Reference is now made to Figure 3 which illustrates an embodiment of the automatic door operator 30 in more detail. The automatic door operator 30 comprises an electric motor 34, being connected to a transmission 35. An output shaft 35a of the transmission 35 rotates upon activation of the motor 34 and is connected to the linkage 40. The linkage 40 translates the motion of the output shaft 35a into an opening motion of the door leaf 12 with respect to the door frame 11 (c.f. opening movement 2 in Figure

4).

The automatic door operator 30 also comprises a control arrangement 20 including a controller 31 which is configured for performing different functions of the automatic door operator 30. One or more of these functions relates to opening of the door leaf 12 with respect to the door frame 11. Accordingly, the controller 31 has a control output 31a connected to the motor 34 for controlling the actuation thereof.

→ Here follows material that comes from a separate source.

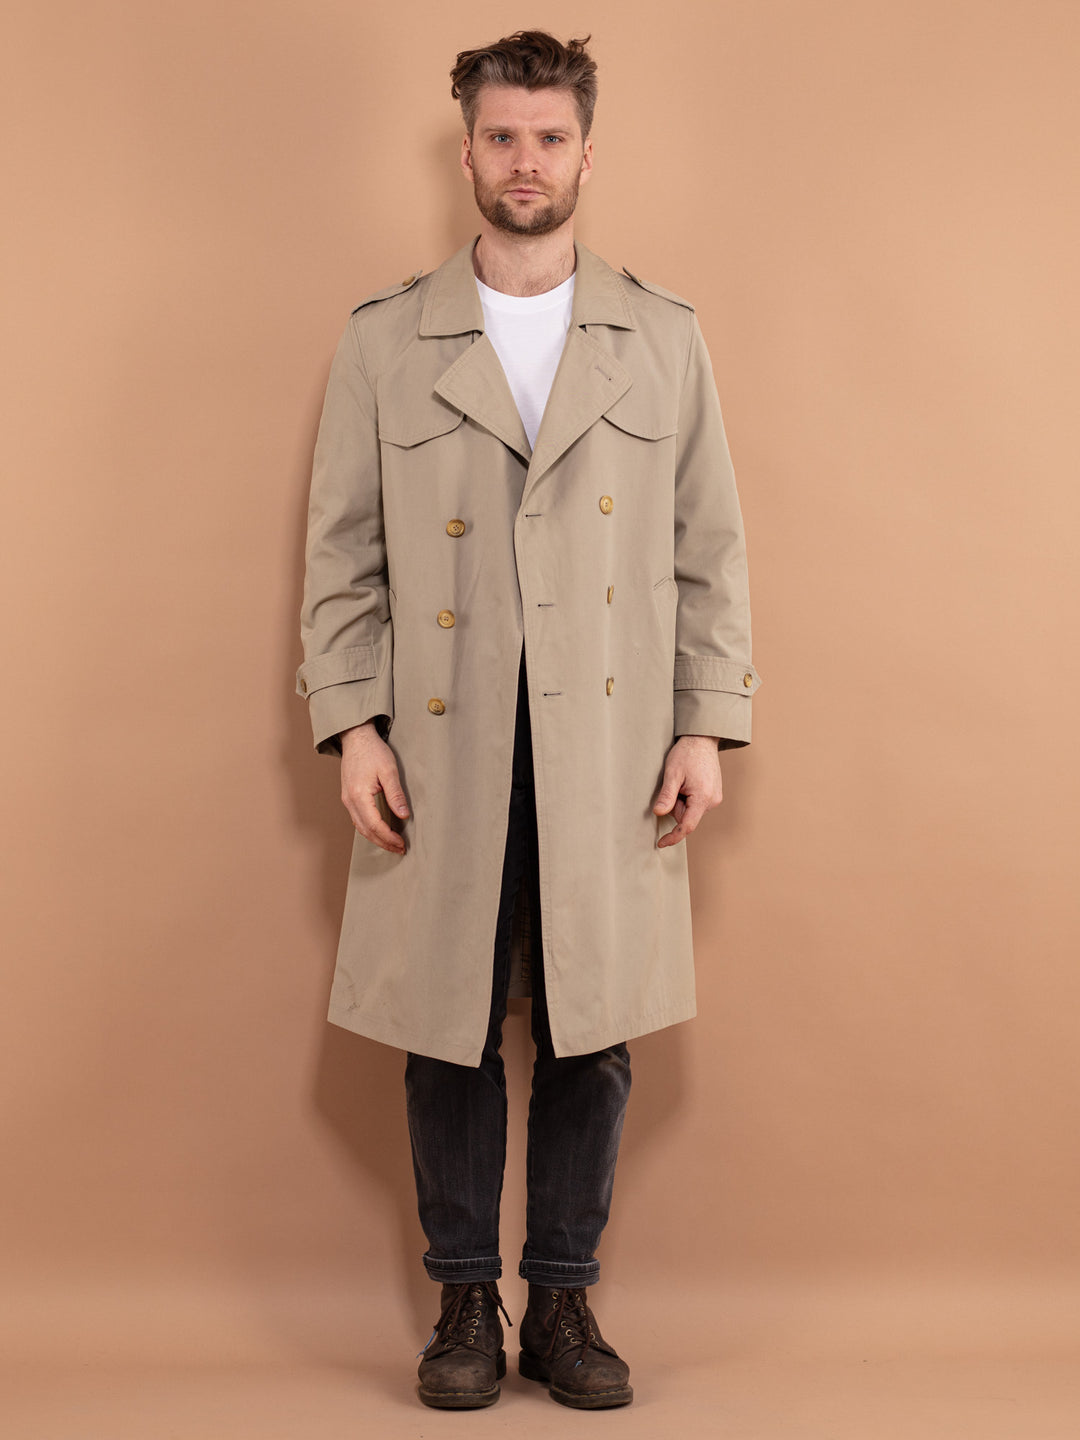 90's Classic Trench Coat, Size M Vintage Trench Coat, Double Breasted Coat, Office Coat, Men Clothing, Spring Coat, Minimalist Outerwear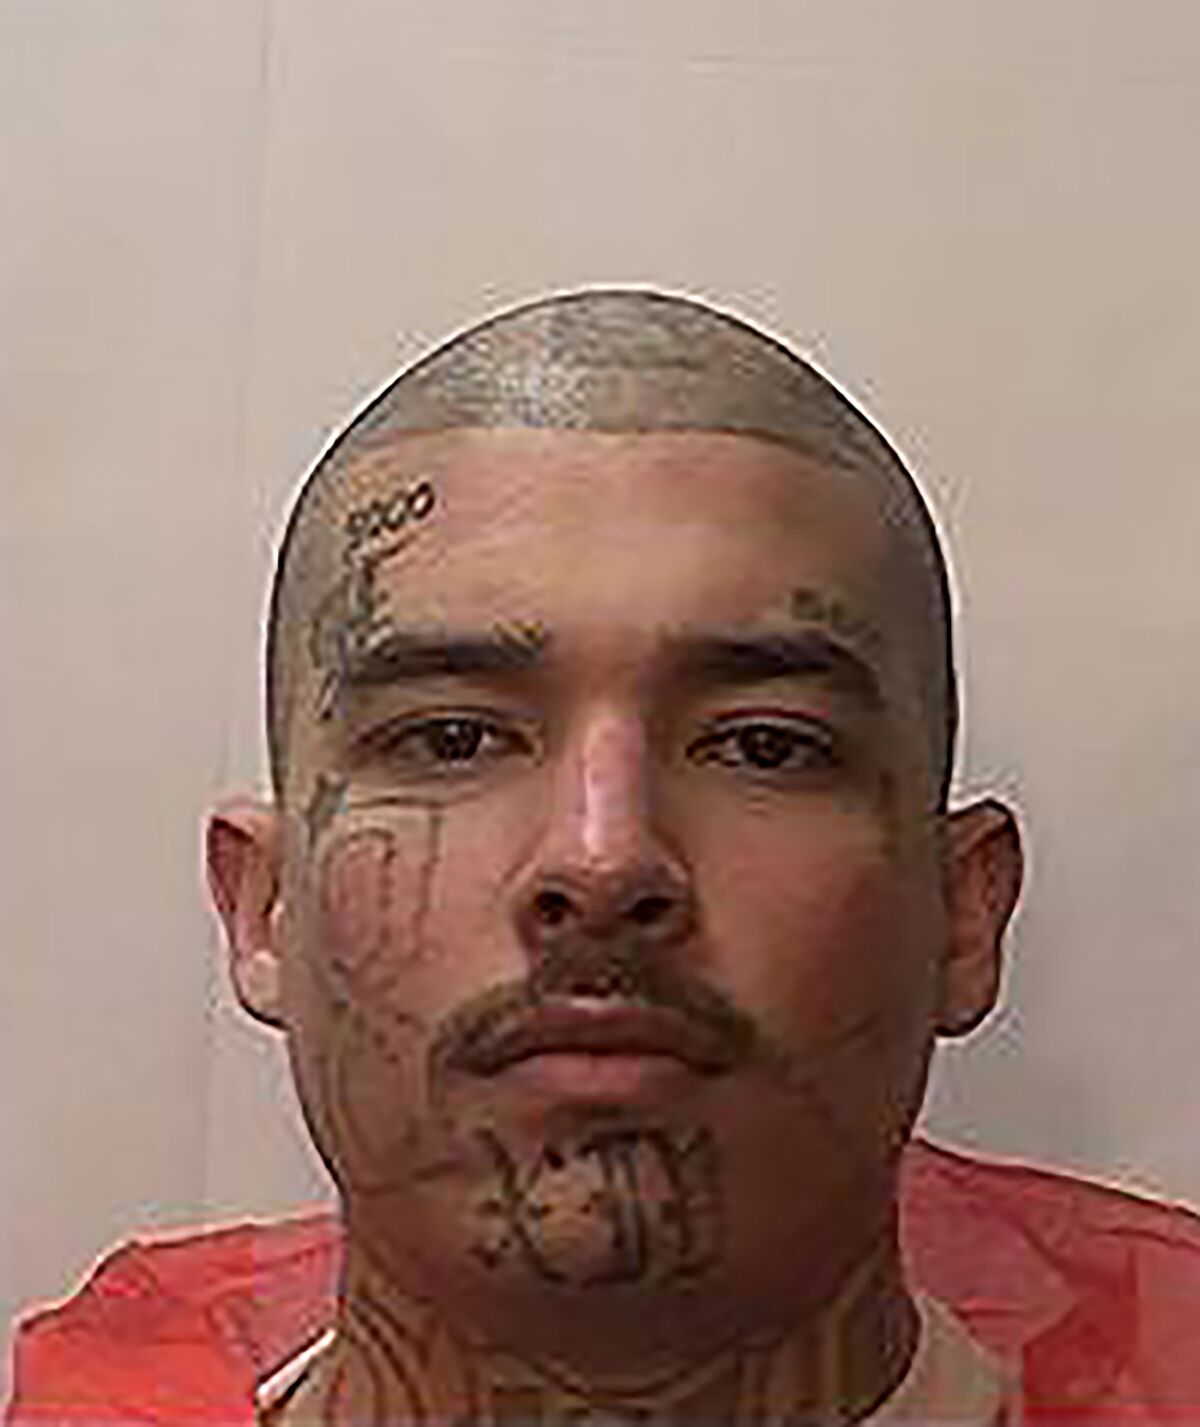 This Oct. 26, 2021, photo provided by the California Department of Corrections and Rehabilitation shows Fernando Torres Lopez. Lopez, who is serving a 19-year, eight-month sentence for various charges including attempted second-degree murder, allegedly attacked fellow inmate Uriel Otero, in the dayroom at Pelican Bay State Prison, on July 29, 2022. Otero died later that day from his wounds. (California Department of Corrections and Rehabilitation via AP)

In addition to the controller 31, the control arrangement 20 comprises a number n of sensor functions, including or consisting of the aforementioned first sensor function (activity sensor SI and/or door-open push button 15) as well as safety sensor S2. The sensor functions are operatively connected with the controller 31 to report detection results or measurement readings to the controller 31.

A revolution counter 33, such as an encoder or other angular sensor, is provided at the motor 34 to monitor the revolution of a motor shaft of the motor 34. The revolution counter 33 is connected to an input 31b of the controller 31. The controller 31 is configured to use one or more readings of the revolution counter 33, typically a number of pulses generated as the motor shaft rotates, for determining a current angular position, e.g. door leaf angle a, of the door leaf 12 of the swing door member 10.

The controller 31 may be implemented in any known controller technology, including but not limited to microcontroller, processor (e.g. PLC, CPU, DSP), FPGA, ASIC or any other suitable digital and/or analog circuitry capable of performing the intended functionality.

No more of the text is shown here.